━━ Given information
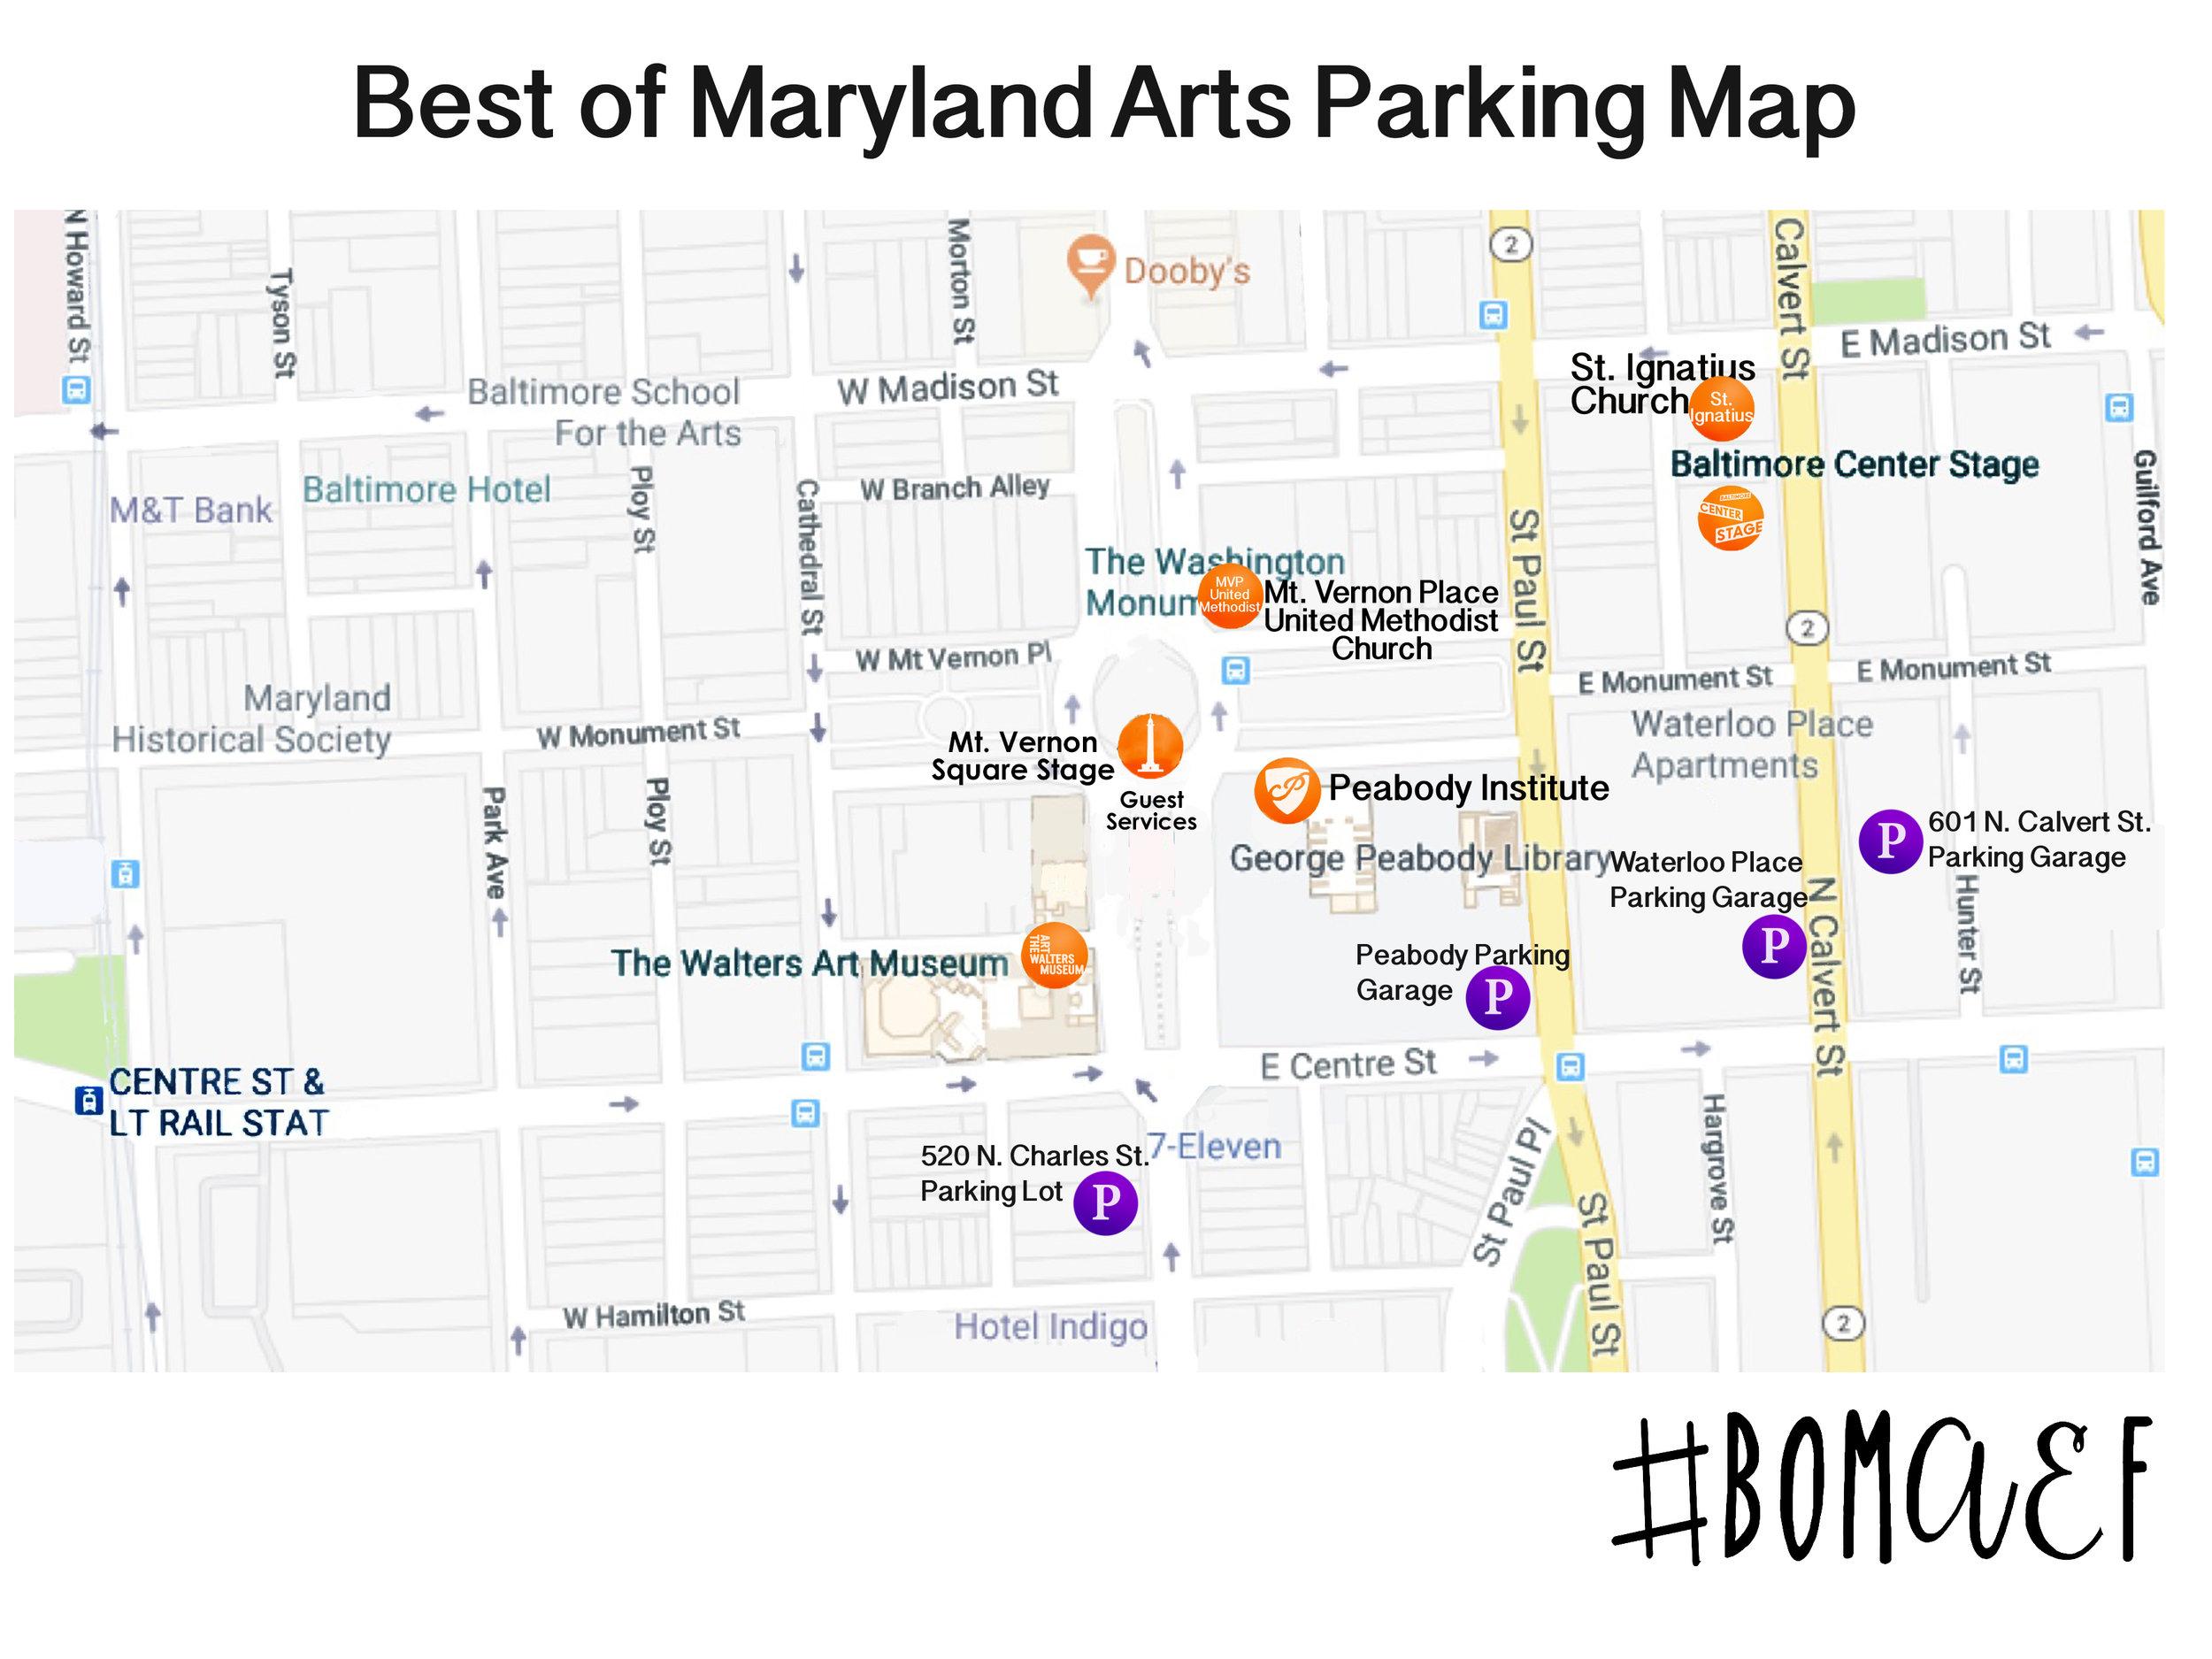 BOMAEF Parking Map-2019.jpg
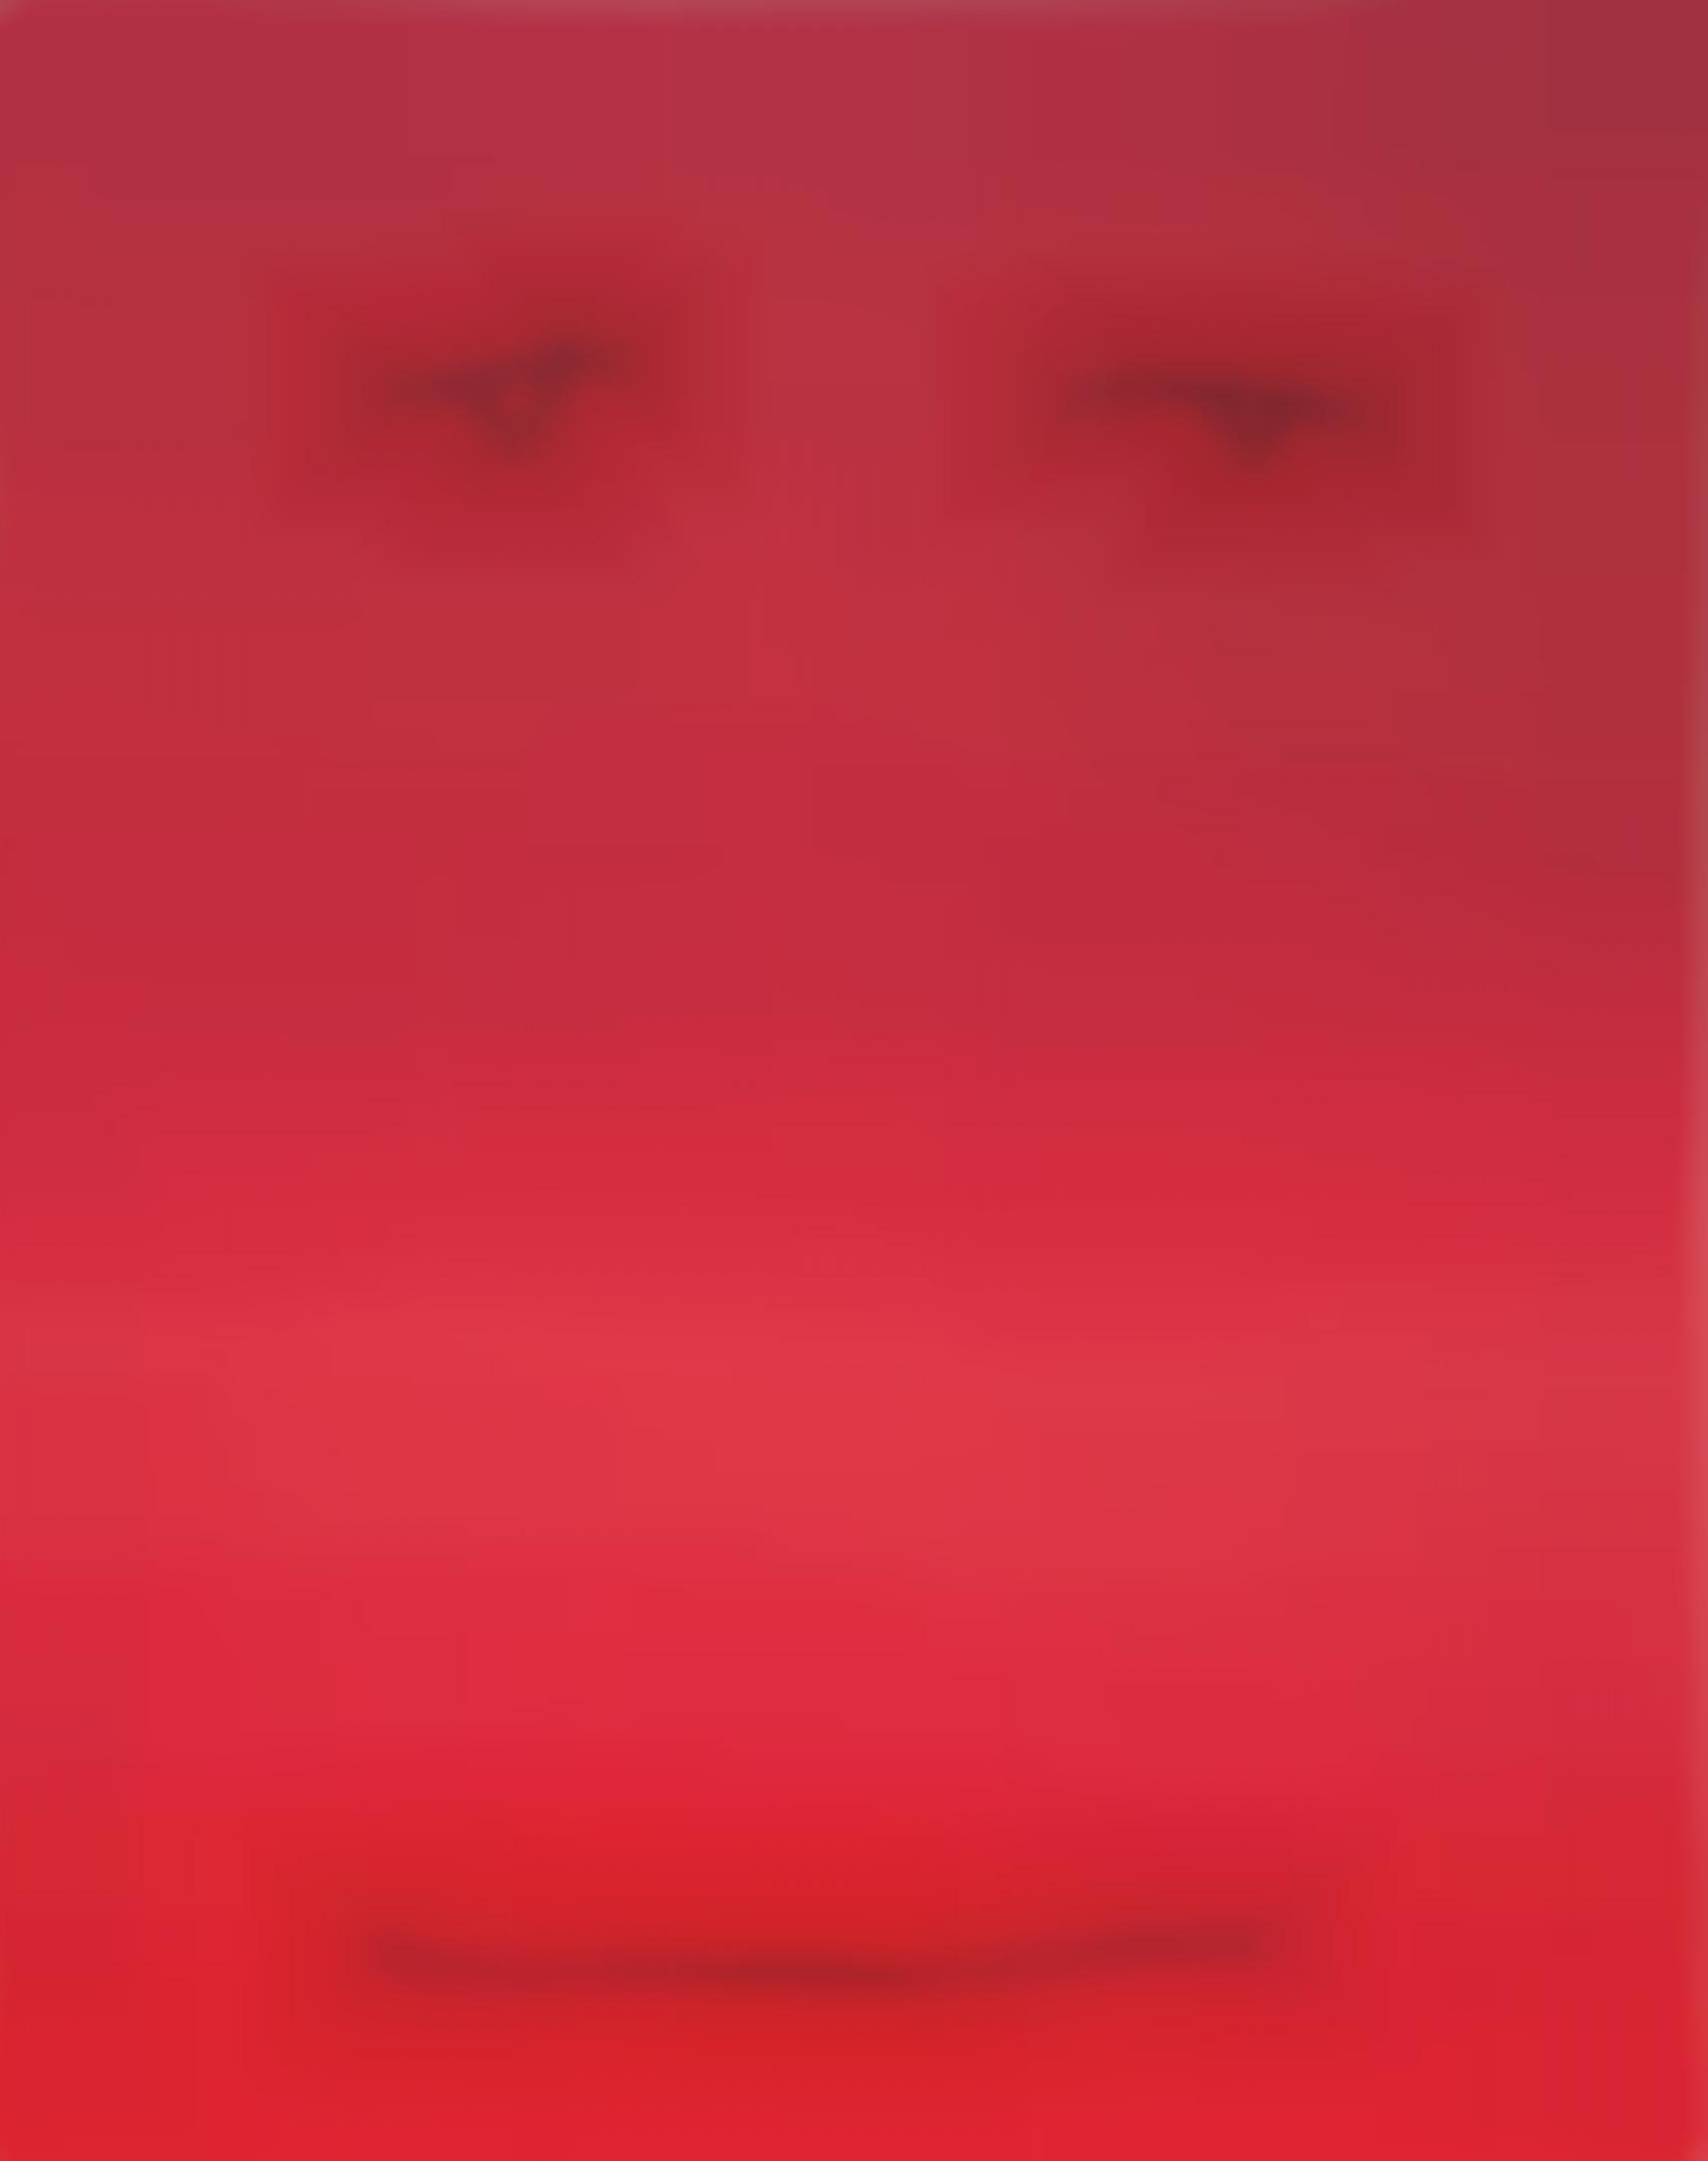 Rob Pruitt-Kill Me-2012
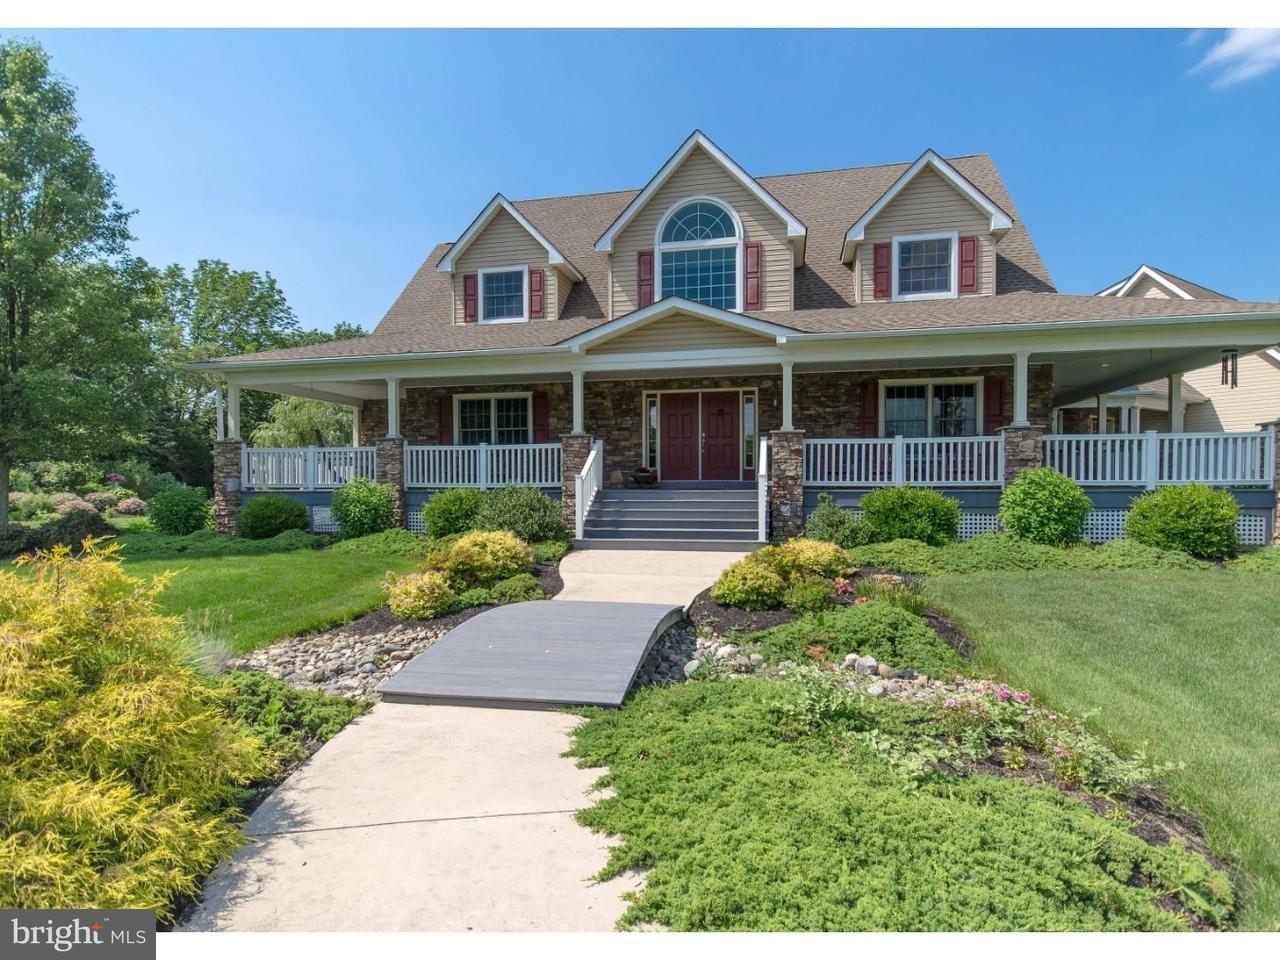 Частный односемейный дом для того Продажа на 2144 KUMRY Road Quakertown, Пенсильвания 18951 Соединенные Штаты
━━━━
Action item
Reproduce every line above exactly as written, omitting the images.

Exercise solution
 BOMAEF Parking Map-2019.jpg
 Rob Pruitt-Kill Me-2012
 Частный односемейный дом для того Продажа на 2144 KUMRY Road Quakertown, Пенсильвания 18951 Соединенные Штаты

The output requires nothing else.